I toss artwork in the trash. I don’t hang onto yearbooks or school graduation programs. I donate baby clothes and sports jerseys. I just don’t see the point in keeping any of this stuff. Heck, I tossed out my own school yearbooks more than a decade ago and have never regretted it.
But what if your kids want this stuff someday? people say. Well, that’s their call. I have one kid who loves to hoard mementos, another who tosses stuff just like me. To each their own. If they want to save things, I will gladly buy them a storage box. If they don’t use said storage box, I guess that means they didn’t really care about it – and into the trash it goes. Besides, my husband is the hold-on-to-all-the-mementos-type, so my kids do have one parent who hangs on to their trash – er, I mean, memorabilia.
Clutter feeds my anxiety and just thinking about the boxes of old papers in my kids’ closet makes me jittery. When it’s overflowing onto their bedroom floor and down the hallway and into the kitchen? Well, that makes me ragey AF and ain’t nobody need that.

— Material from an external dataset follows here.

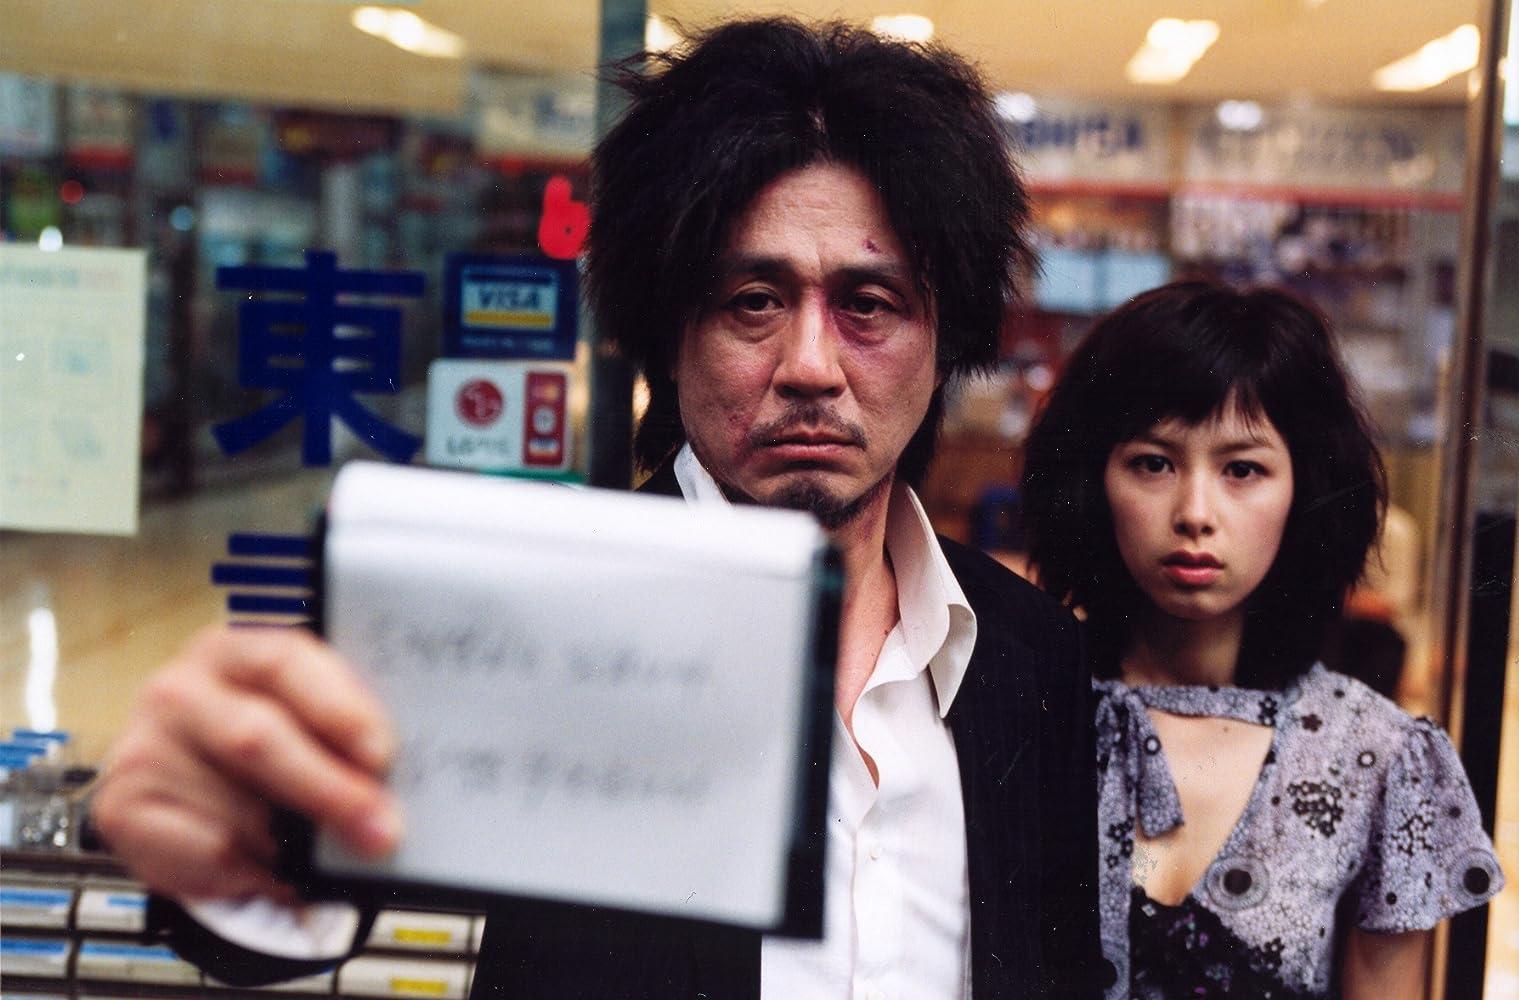 Películas imprescindibles para entender el cine coreano: Oldboy (2003)
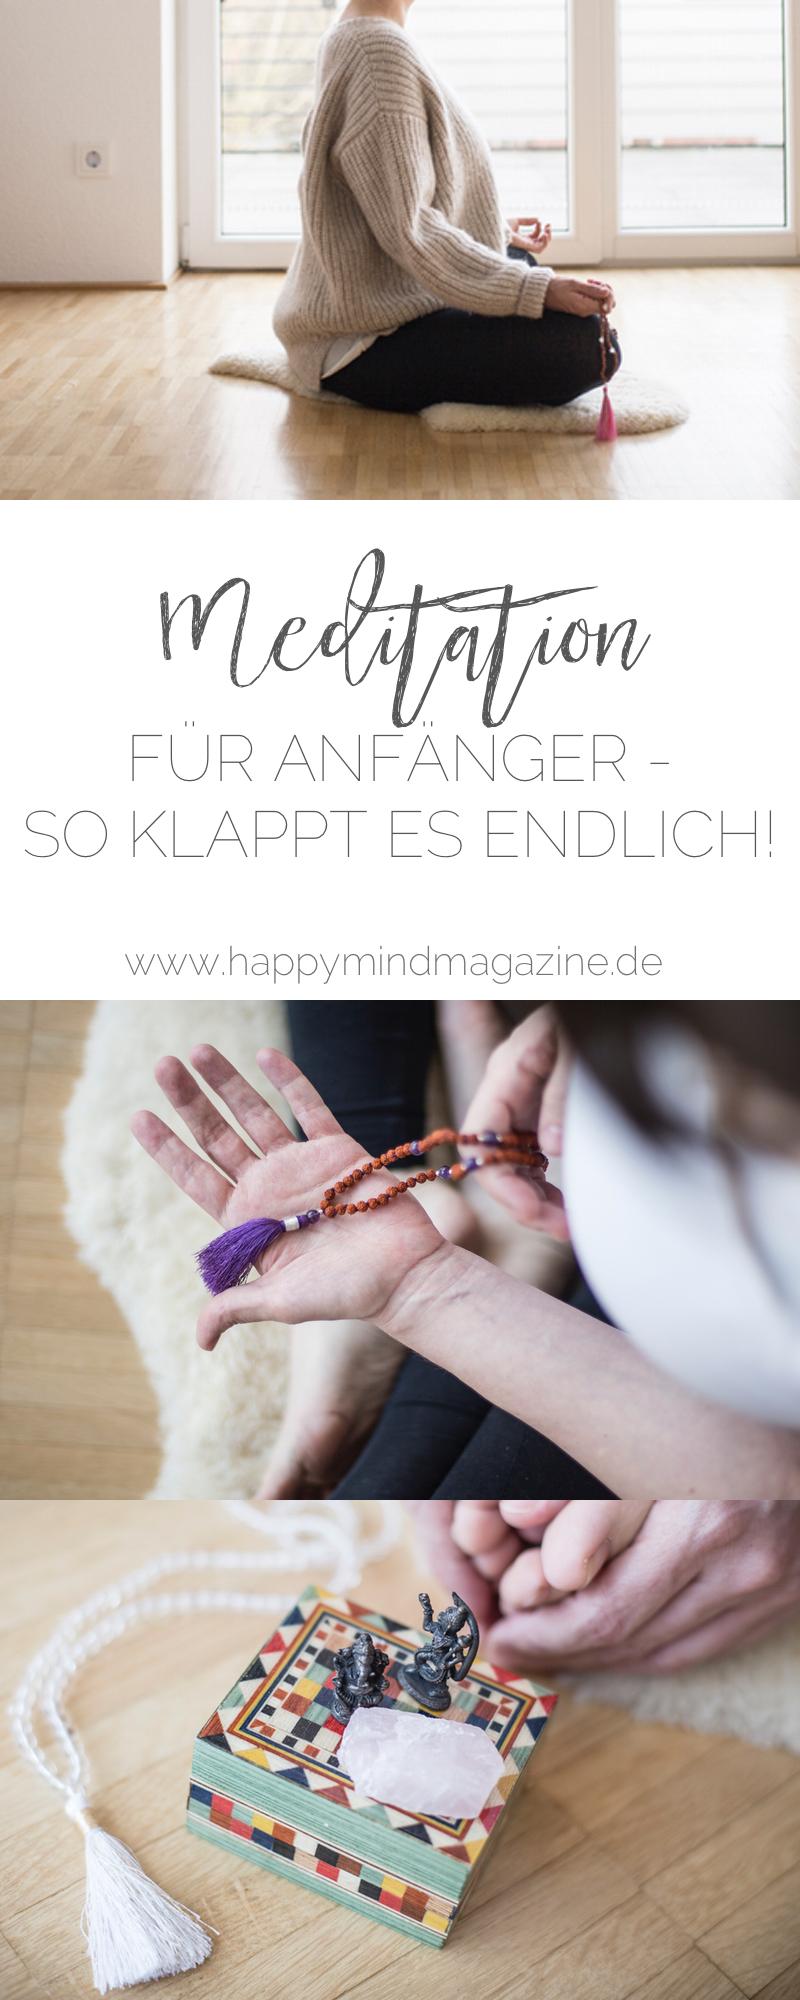 Meditation für Anfänger - so klappt es endlich mit dem Meditieren!

Don’t get me wrong, it’s not that I’m not sentimental about anything. It’s just that I’m ultra-selective about what I hang onto. My son’s blankie, which was like an extra appendage for a decade, for instance. Some cute pottery creations. Videos that bring a smile to my face more than a decade later. A small bag of baby clothes that are just so dang cute I can’t even.
I’m emotional too. Several years ago when I packed up my kids’ baby crib to pass on to another family member, I literally had to stop to have a good long cry about it. (And then I pressed on and sent it off.)
What I don’t get sentimental about? All the other stuff. Videos of my kids saying mamamamama or their 5th grade t-shirts signed by their classmates. Participation trophies they received from their second grade basketball team. Report cards from 1st grade or 4th grade or second semester of 7th grade. There is just SO. MUCH. STUFF.
Here’s the thing, even if you think I’m a cold-hearted monster for tossing things in the garbage and not getting sentimental about all these vestiges of childhood, remember: we all have to draw a line somewhere. It is impossible to keep the mountains of papers and artwork and souvenirs and certificates and projects. IMPOSSIBLE. So whether you want to acknowledge it or not, you draw the line somewhere too. Yours might just be different than mine.
It’s not like I’m not taking stock or relishing my kids’ childhood either. It’s just that instead of spending hours organizing their projects and report cards and sports medals, I spend a ton of time and energy storing mental images. I try to stay at present as possible when these things are happening. The important things, at least. I take a million mental photos and look back through them often. I talk about them and write about them and think back on them.
And then I let myself get emotional – even though I’m not sentimental.